I wasnt the perfect kid, I tell you, and my mother eyeshot I was fine - until I decided to become the soaked pixie of the house. At some point in my puerility I decided I needed to fill the employment of a practical prankster of the family, much to my poor mothers distress. nonetheless more unfortunately for my mother, she had no idea what I was up to when I got my hands on some yellowish, sticky, gooey forge piggy poo, which really looked more like cats poo.

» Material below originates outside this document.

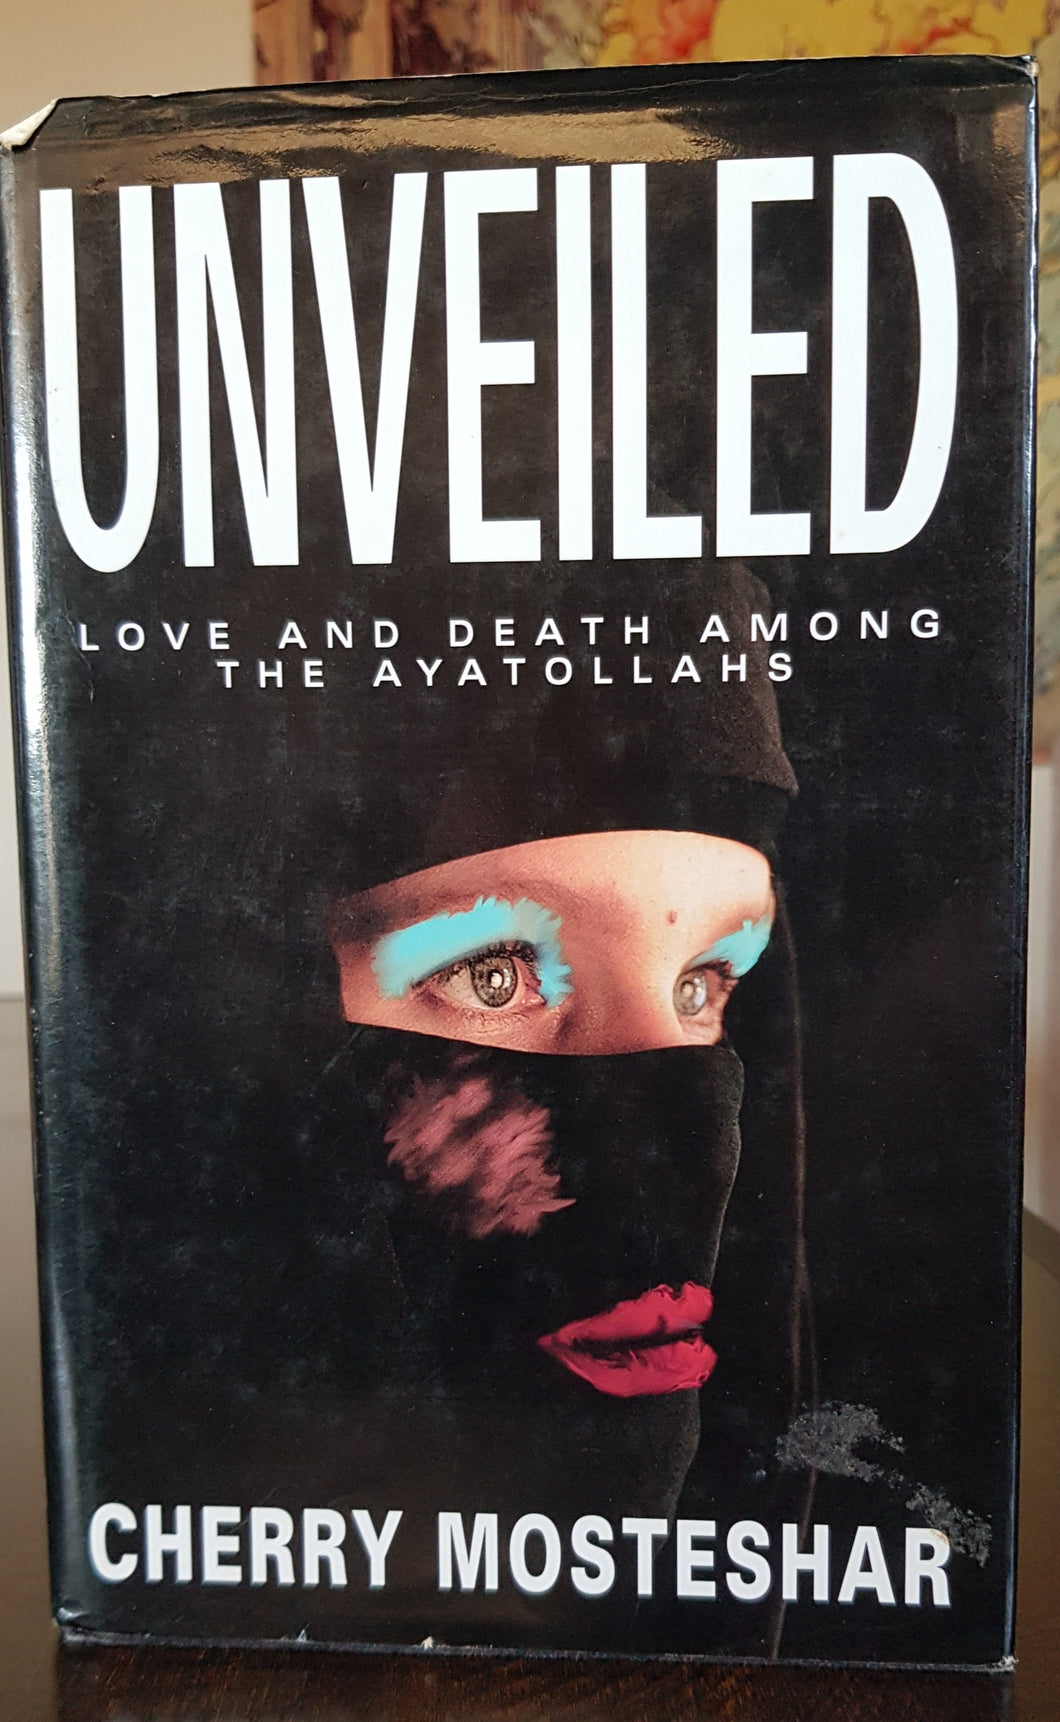 Unveiled: Love and Death Among the Ayatollahs by Cherry Mosteshar

Fake piggy poo was quite popular at the time - the kind that was wrapped privileged some plastic animal, and when you squeezed it, the poo would emerge from its behind; mine was a pink pig. I had purchased my poo at some downtown wickedness market and I loved it. Yes! I was terrible - I pulled that pseudo poo out of its plastic pig wrapping and appoint a new spot for it every single day. I never tired of the endless ruckus it caused. Oh, fake spiders were fun, but nothing could beat the chaos caused by my fake poo. I treasured that fake poo until the fateful day that my mother, having discovered it imposition there in a lump at the dinner party table, threw it into the bin. There I was left with fake spiders, whoopee cushions, squirting calculators, snapping gum, lampoon teeth and glasses, but no fake poo.
I cried, I screamed - life was hardly worth living without my beloved fake poo. However, my mother was firm.
No more fake poo! Im at my wits ends with you!
On that awful day when the garbage music rang and the garbage was collected, I knew that I would never see my beloved poo again, but I would not...
Great Seinfeld-esque sense of humour about such a stochastic thing. Well written, entertaining, kept my attention.